Ein Bullenmarkt mit Bewährungsproben

Der aktuelle, maßgeblich von künstlicher Intelligenz angetriebene Bullenmarkt feierte bereits im Oktober sein dreijähriges Bestehen. In dieser Zeit hat er bereits eine Reihe potenziell existenzieller Krisen überstanden. Dazu zählte unter anderem der Kollaps der Silicon Valley Bank im Jahr 2023, der kurzzeitig für erhebliche Turbulenzen im Bankensektor sorgte.

Auch die Turbulenzen rund um Zölle im vergangenen Jahr überstand der Bullenmarkt ohne nachhaltige Schäden. Jedes Mal erholten sich die Aktienmärkte und setzten ihren Aufwärtstrend fort. Doch der aktuelle Druck vom Anleihemarkt wird von Marktbeobachtern als qualitativ anders und potenziell gefährlicher eingestuft.

Warum die 5%-Marke so entscheidend ist

Die Rendite zehnjähriger US-Staatsanleihen gilt als globaler Referenzzinssatz und beeinflusst die Bewertung nahezu aller Anlageklassen weltweit. Nähert sich diese Rendite der Marke von 5%, steigt die Attraktivität von Anleihen gegenüber Aktien erheblich. Investoren könnten dann versucht sein, Kapital aus dem Aktienmarkt abzuziehen und in als sicher geltende Staatsanleihen umzuschichten.

Für deutsche Privatanleger ist diese Entwicklung besonders relevant, da steigende US-Renditen auch den europäischen Anleihemarkt unter Druck setzen und die Finanzierungskosten für Unternehmen weltweit erhöhen. Ein schwächerer Aktienmarkt in den USA würde erfahrungsgemäß auch europäische und deutsche Börsen belasten.
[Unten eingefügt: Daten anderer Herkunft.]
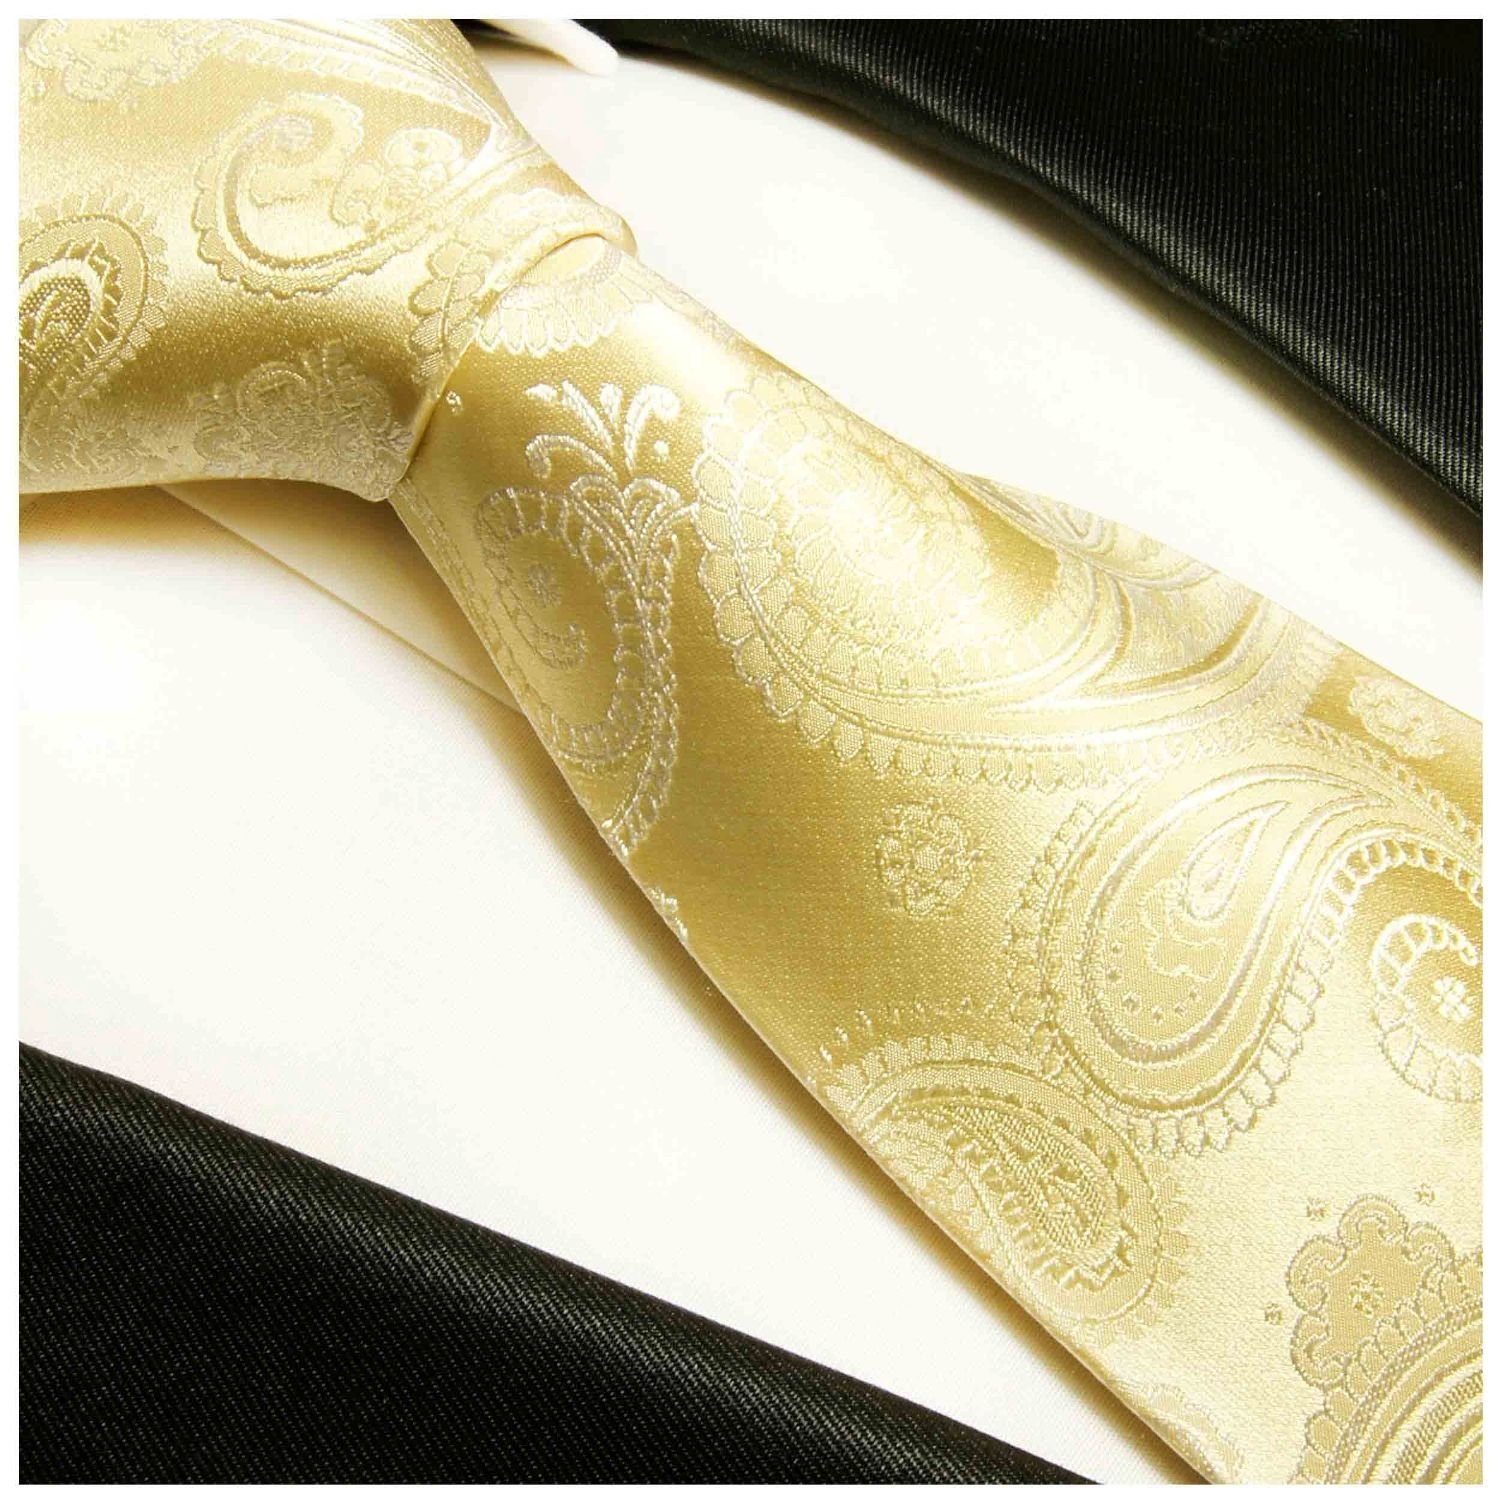 Paul champagner Malone 442 Seide paisley Herren (6cm), brokat Elegante Schmal Schlips 100% Krawatte Seidenkrawatte

Die Kombination aus geopolitischen Risiken, Energiepreisdruck und steigenden Anleiherenditen schafft ein schwieriges Umfeld für Aktieninvestoren. Ob der Bullenmarkt auch diese Bewährungsprobe meistert, bleibt nach Einschätzung der Wall-Street-Quellen offen. Die kommenden Wochen dürften zeigen, ob die Widerstandsfähigkeit der vergangenen drei Jahre anhält.